July 18, 2011

"An Ant’s Journey": A Review of Geoffrey Philp’s Marcus and the Amazons








By  Michela A. Calderaro

There are plenty of things most of us parents would like to pass on to our children, yet we are seldom certain how we should go about it. Sure, we could set an example for them, respect their opinions, leave them enough space to develop on their own. But you can also sit at their bedside and read to them.

A very fine book to read before bedtime, or at any other hour of the day, is Marcus and the Amazons - the story of a young ant, Marcus, on a journey of self discovery that leads him, as part of the process, to become his people’s savior.

Marcus, who goes to the forest and comes back a different being, is summoned to save the village from a terrible peril, must make weighty choices and fight a battle with instruments that are alien to his own companions.

Marcus’s journey is more than a mere walk from his village to the forest and back. More than a youth bildungsroman. One might call it a journey through history. As Marcus’s story unfolds in front of us, we see a parallel tale of world history.

Interweaving “history” and “story,” especially in a children book, is not an easy task. But Geoffrey Philp succeeds in blending the specific and the universal with outstanding skill: historic moments are told as parts of a personal story of one child narrating it to another, in a language that is easily accessible to kids.

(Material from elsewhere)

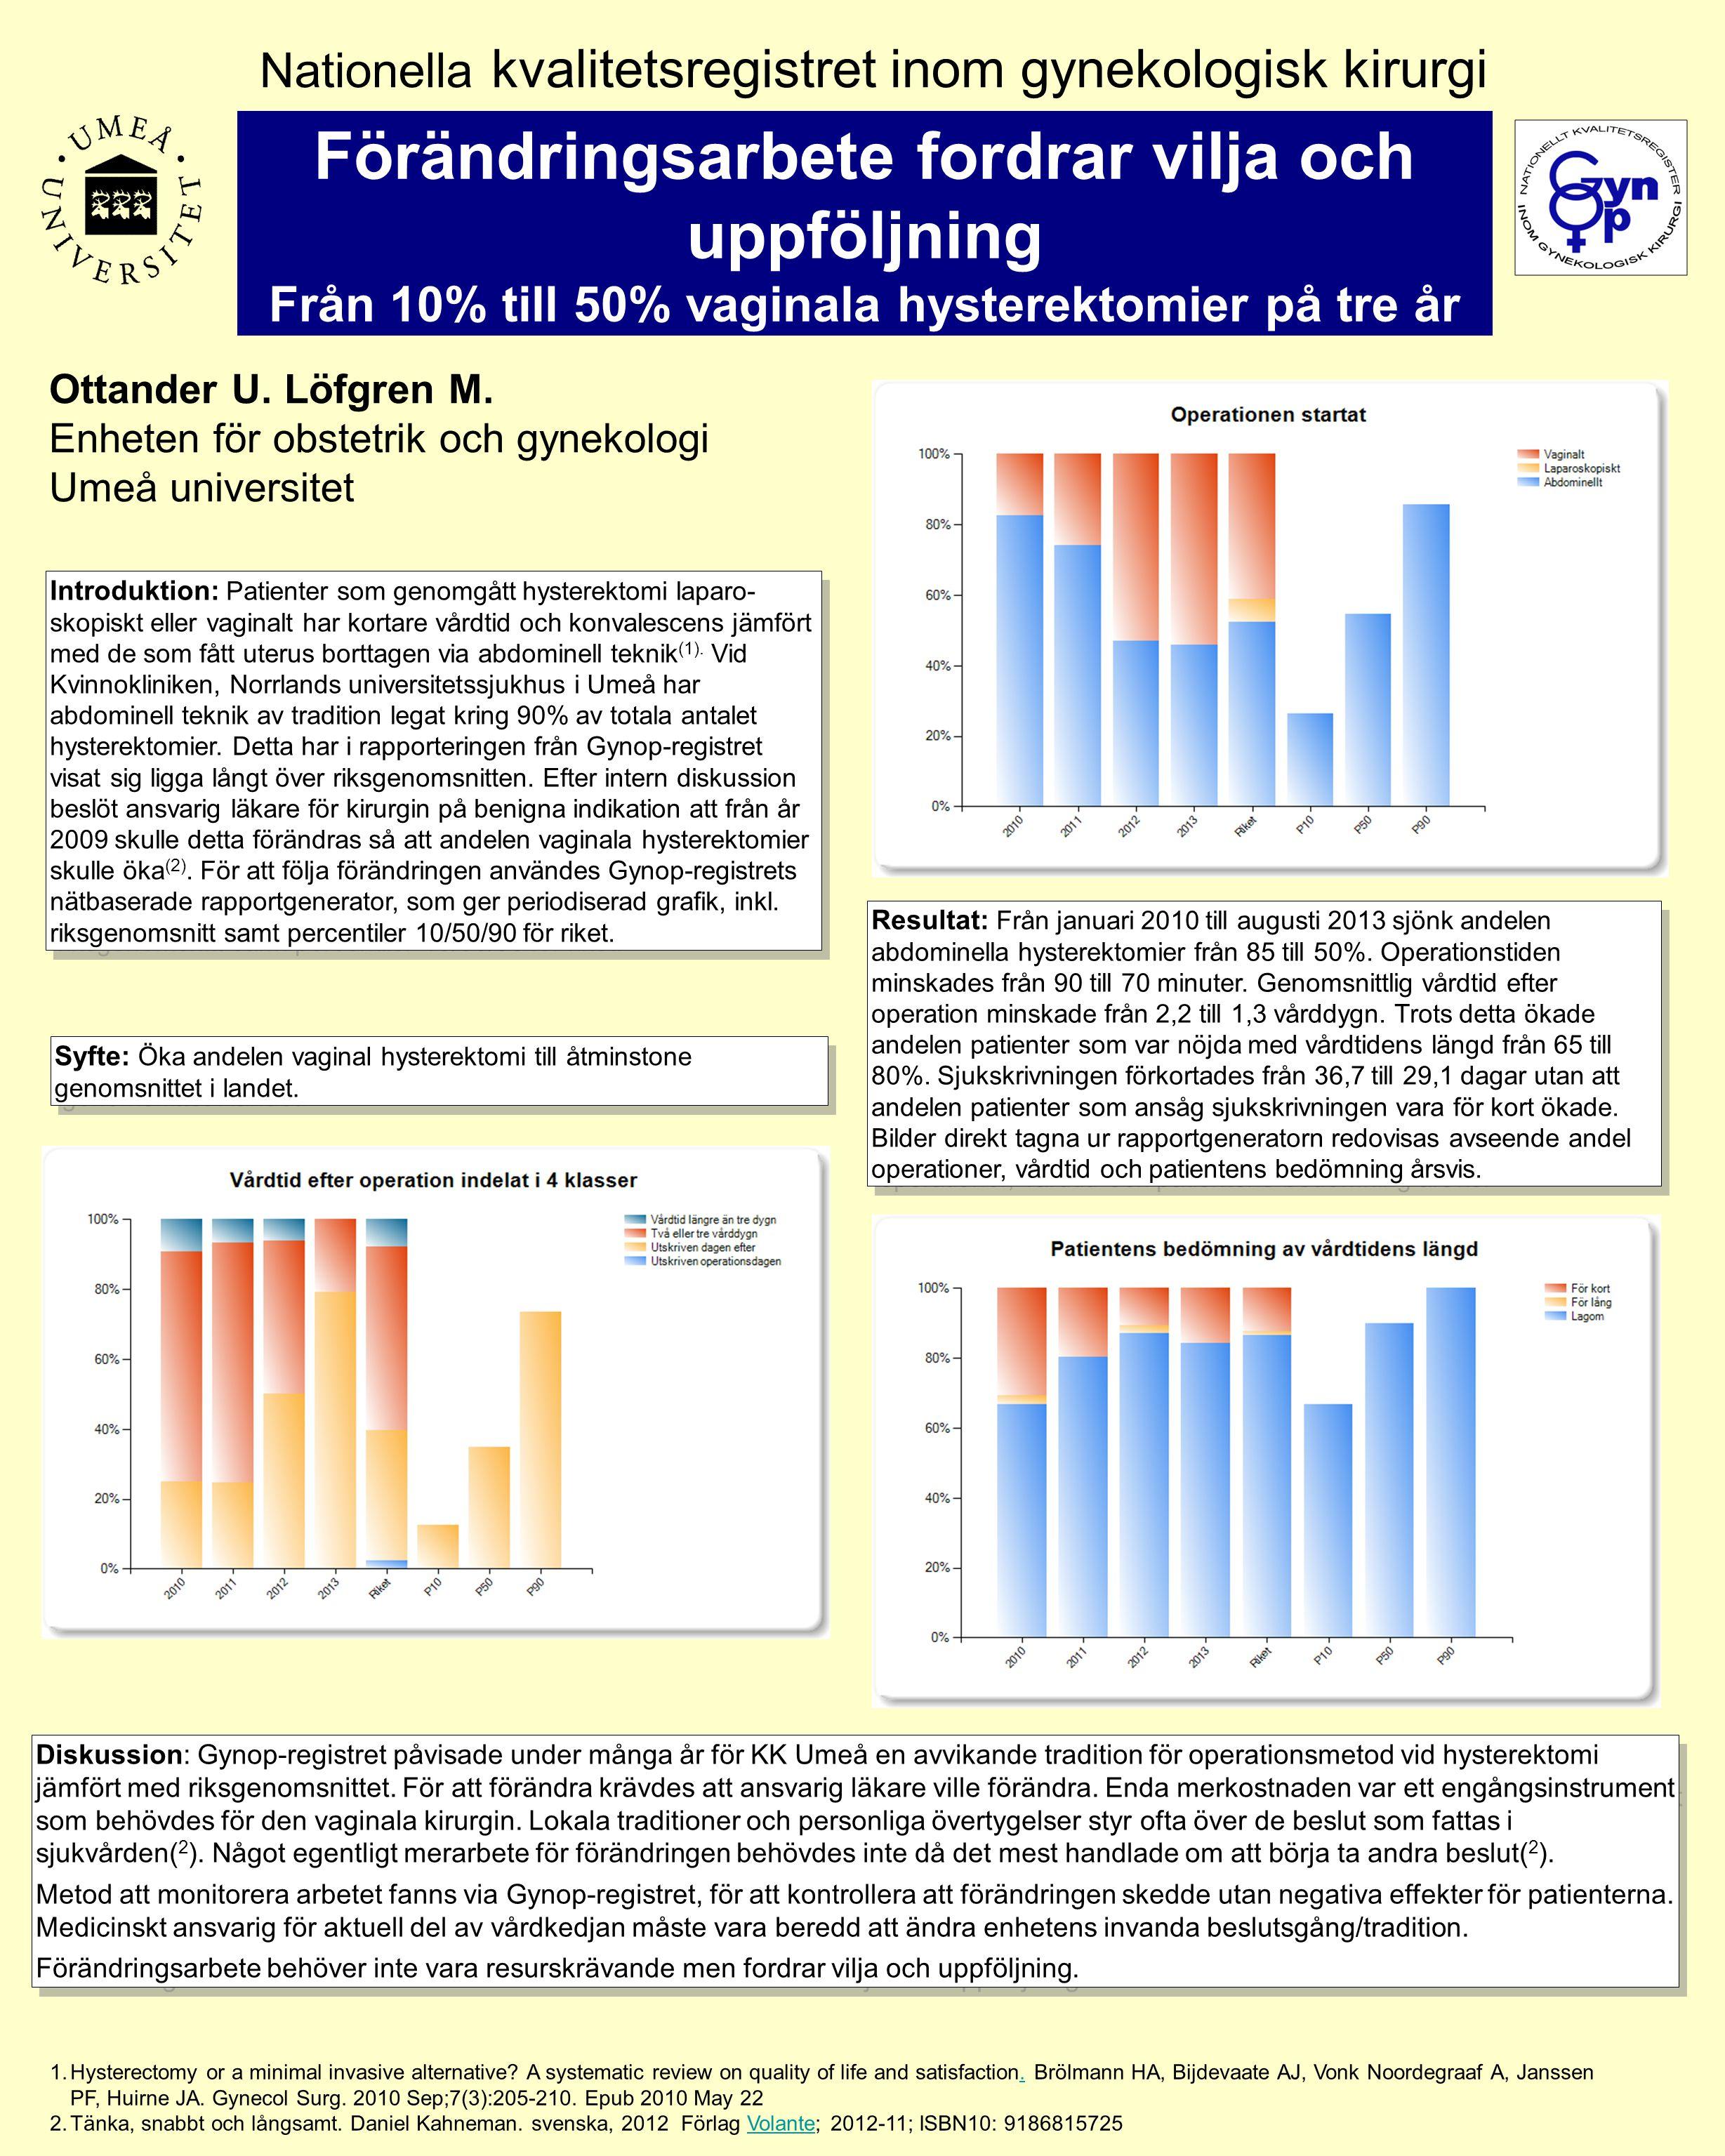 Diskussion: Gynop-registret påvisade under många år för KK Umeå en avvikande tradition för operationsmetod vid hysterektomi jämfört med riksgenomsnittet.

 Indeed, the book can be read on various levels and from different perspectives, making the reading enjoyable for both children and grownups. While children will no doubt be holding their breath in expectation for the next plot twist, to learn how Marcus, the new champion of a non-violence creed, will lead his people to regain control of their village, adults are certain to find pleasure in detecting historical or classical references.
           
Such historical references – to Queen Victoria and the British Empire, the enslavement of whole peoples and the setting of a colonial rule – are reflected here in the fictional Amazons Empire and their own Queen Victoria. Other references one is likely to consider are Martin Luther King’s “Million Man March” on Washington, and the contrast between white men and enslaved Africans. These of course are the most obvious historical references, but there are others.

Indeed, the captives’ passivity cannot but remind one of other people that were captured and enslaved, tortured and slaughtered over the centuries.  Here, the Formicas’ passive acceptance of their fate immediately calls to mind the passivity of oblivious Jews paraded to the gas chambers.

But beside the obvious parallel reflection on certain historical events, the novel is sprinkled with literary and classical references – such as the story of Orpheus and Eurydice, or the biblical tragedy of Cain and Abel, to mention just a couple (in Marcus and the Amazons, however, the hero frees his loved one from death, and the two brothers reconcile).

The book follows the tradition of great children literature. An obvious example would be Luc Besson’s Arthur et les Minimoys (Arthur and the Invisibles). In Besson’s just as in Philp’s story we find a peaceful people dominated by brutes. On the one hand the Minimoys are crushed by frivolous humans while on the other they are oppressed by the brute force of their archenemy.

We may notice other literary intertextual connections with animated films like Antz and A Bug’s Life, but the quest for freedom in Philp’s book is based on far more solid moral ethics, and victory is achieved just because of these superior values – rather than due to a superior maverick’s ingenuity.

 The themes explored here are themes accessible to children yet of universal importance.  It is indeed surprising how so many themes can be packed into such a slim book and with such effective results.
           
Marcus teaches something completely new to both the Formicas and the Amazons: that violence does not pay; that appearances can be misleading; that not complying with the mainstream line of thinking can sometimes be the winning choice; that friendship and trust can lead to bridging  the differences among different peoples; and that pride can become our worst enemy.

Reality and fantasy are mixed, while questions are posed about who we are, where we belong and from where our roots draw the vital sap and feed our minds. The answer is not always simple, but Philp subtly presents the question leaving us to figure it out for ourselves.

About Michela A. Calderaro



Michela A. Calderaro, an Associate Editor of Calabash. A Journal of Caribbean Arts and Letters, now published on line, teaches English and Postcolonial Literature at the University of Trieste (Italy). Ms Calderaro, whose critical works include a book on Ford Madox Ford and numerous articles on British and Caribbean writers, has just finished editing a collection of unpublished poems by Creole writer Eliot Bliss and plans to complete Bliss’s biography by the end of 2012.